Saturday, February 17, 2018

Phillip out to match Olympic champ Kenny

Watch out Britain, Njisane Phillip is coming.

The Trinidad and Tobago cyclist yesterday threw out a warning to match sprint champion Jason Kenny and his countrymen, who dominated the men's cycling events at the London 2012 Olympics.

But Phillip, who reached as far as the match sprint semi-finals before being defeated by Kenny, is looking forward to future competition to prepare for Rio 2016, where he intends to better his fourth placing.

The Siparia-born cyclist stated that particularly among the British riders, T&T have not been shown respect in the cycling world, and he was happy to earn some of that recognition with his Olympic showing.

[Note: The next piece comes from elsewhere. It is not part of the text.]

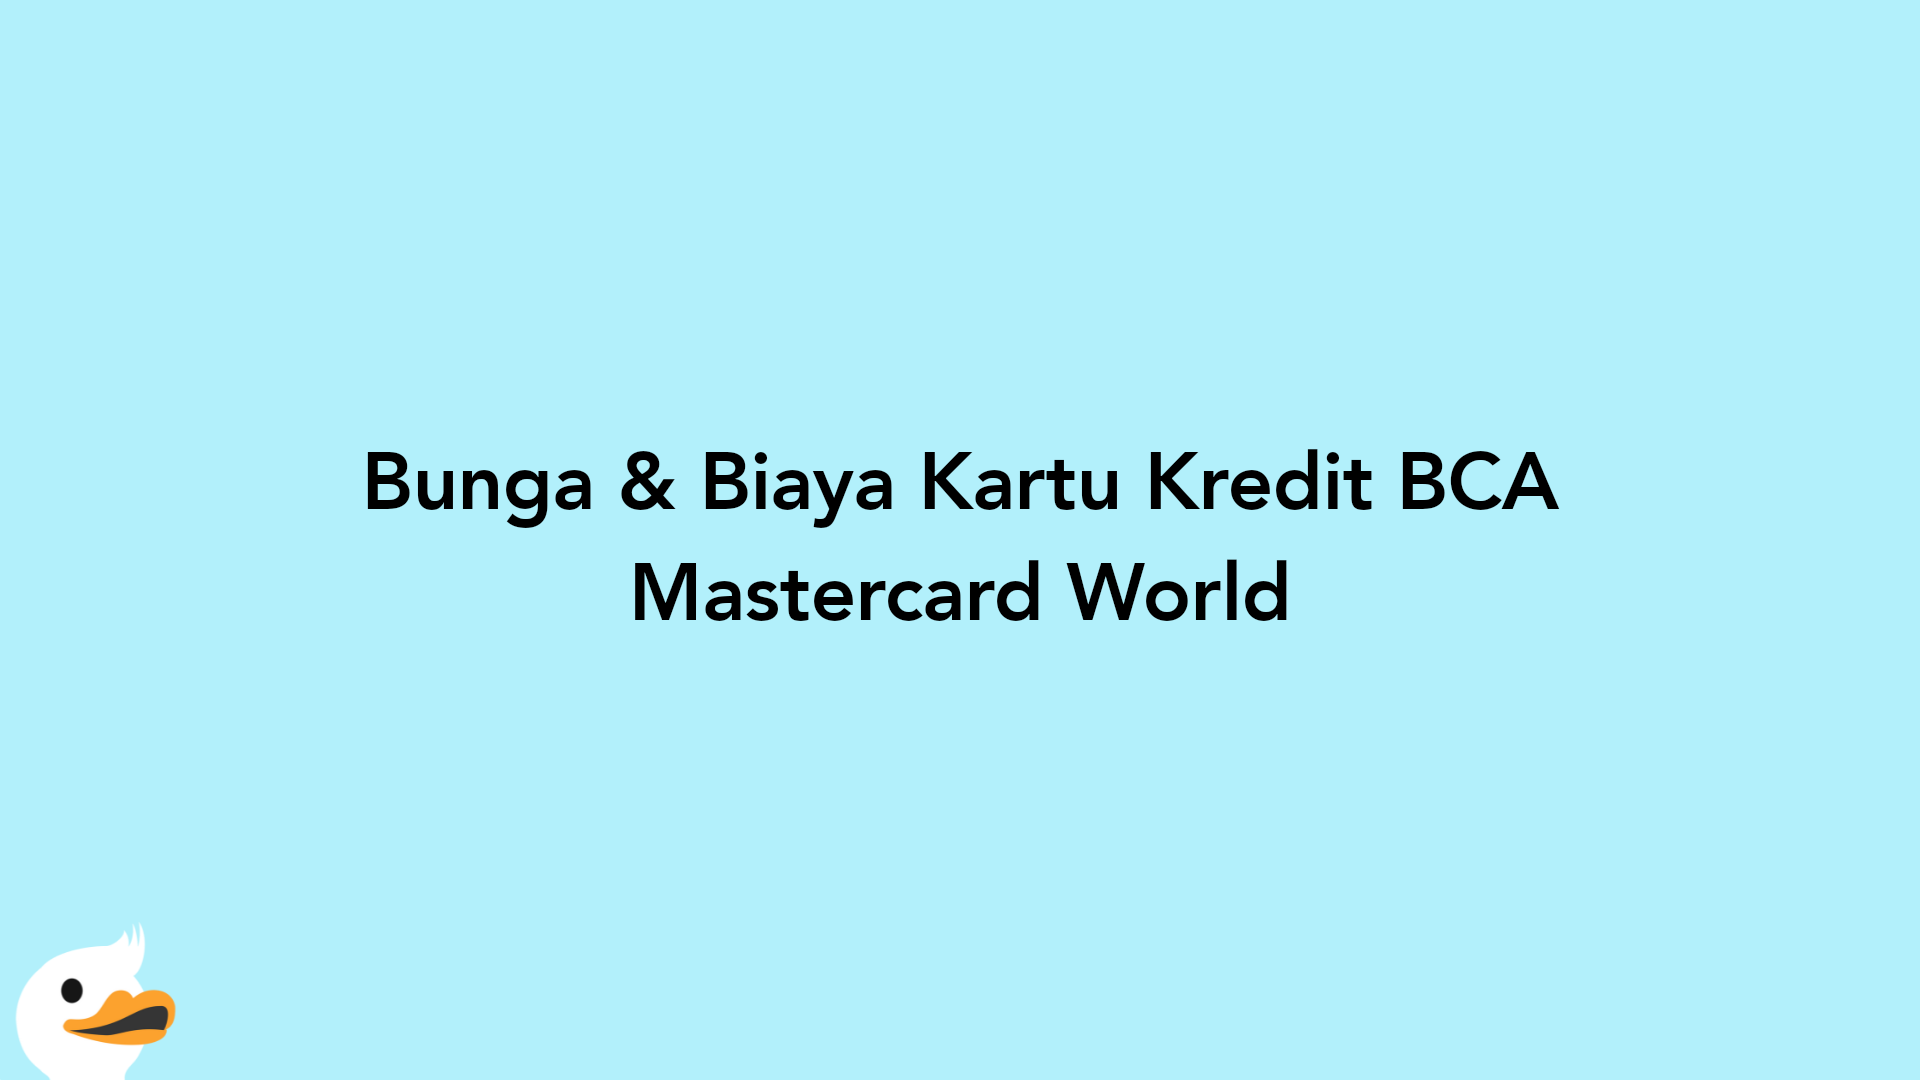 Bunga & Biaya Kartu Kredit BCA Mastercard World

"It was more (about) stepping on [Kenny's] shoes," Phillip explained. "I know I couldn't beat him, but it was more a respect thing. For him to just take a step and bow down and show respect was definitely a great feeling."

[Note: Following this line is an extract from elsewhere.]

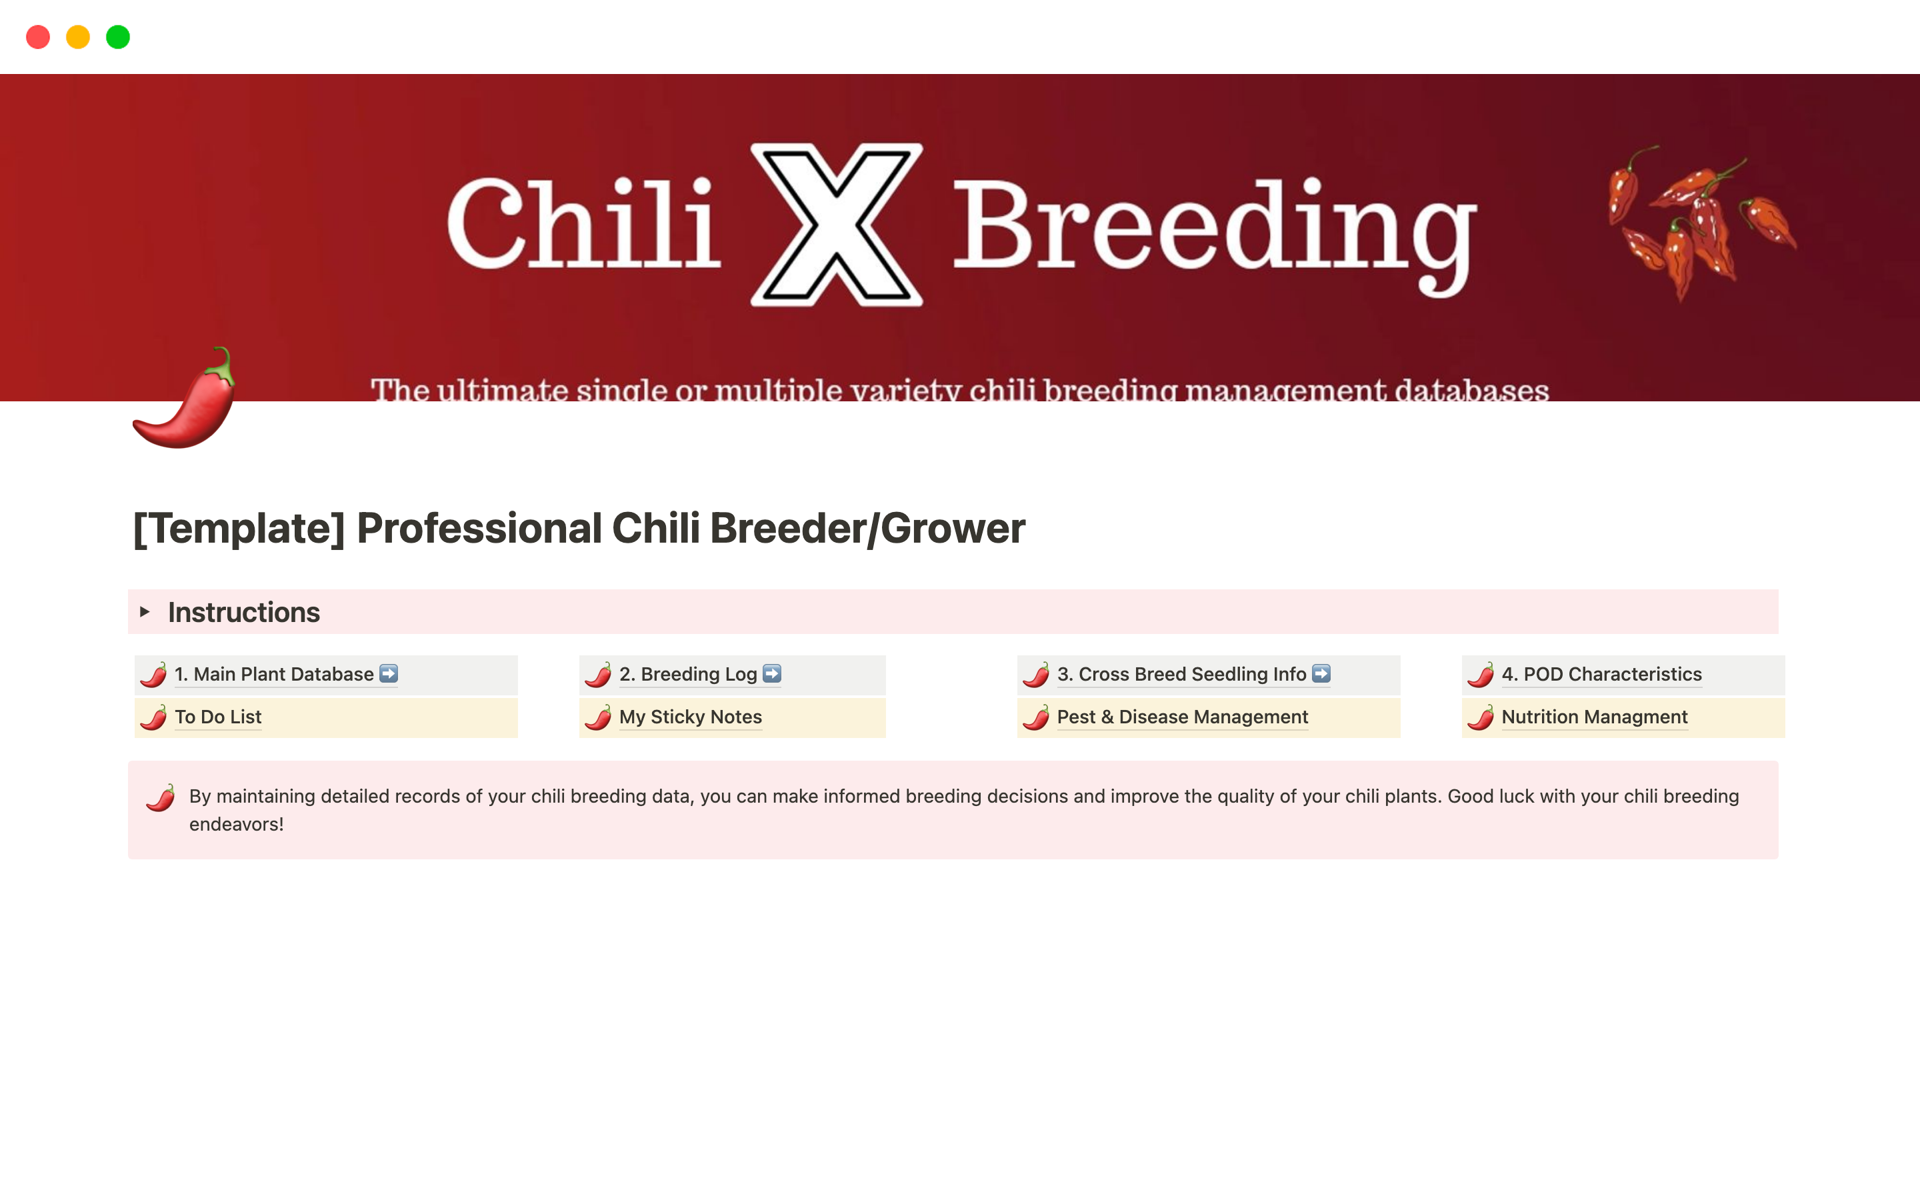 Aperçu du modèle de Professional Chili Breeder/Grower Template

Phillip also pointed out that the top riders have a big advantage in terms of equipment, with the British cyclists using McLaren bicycles that cost over $1 million, of which a cyclist usually requires two. But still, he is determined to leave his mark on the World stage.

"My coach (Jamie Staff) is from the UK, and I tell him all the time that you guys have no talent, you just have the gas. Once I get the gas, then we can have some fun."

The other athletes at the press conference included T&T's top swimmer George Bovell; shooter Roger Daniel; 4x100m relay sprint team Richard Thompson, Marc Burns, Keston Bledman and Emmanuel Callender; and field athletes Cleopatra Borel (shot put) and Ayanna Alexander (long jumper).

Jehue Gordon and Joseanne Lucas (both 400m hurdlers)—the latter did not compete at the Games after picking up an injury—4x400m runner Machel Cedenio and Jamol James; sprinter Rondell Sorrillo; sailor Andrew Lewis; quarter-miler Lalonde Gordon; and Olympic javelin throw gold medalist Keshorn Walcott also made appearances.

Walcott told the media that he is still "trying to cope" with all the attention his winning performance has brought with it, and he is still recovering from the motorcades and celebrations he has been a part of.

"All the individual things that were promised to me, I'm not taking that on much," Walcott said. "So just seeing that the sport will be able to grow and people will be more interested, more youths will be involved, that's good."

Injured sprinters Thompson and Bledman both gave updates on their respective current conditions. Thompson is scheduled for an MRI scan on Monday to determine the extent of his "discomfort" after falling in the 4x100m relay final as he dived across the line.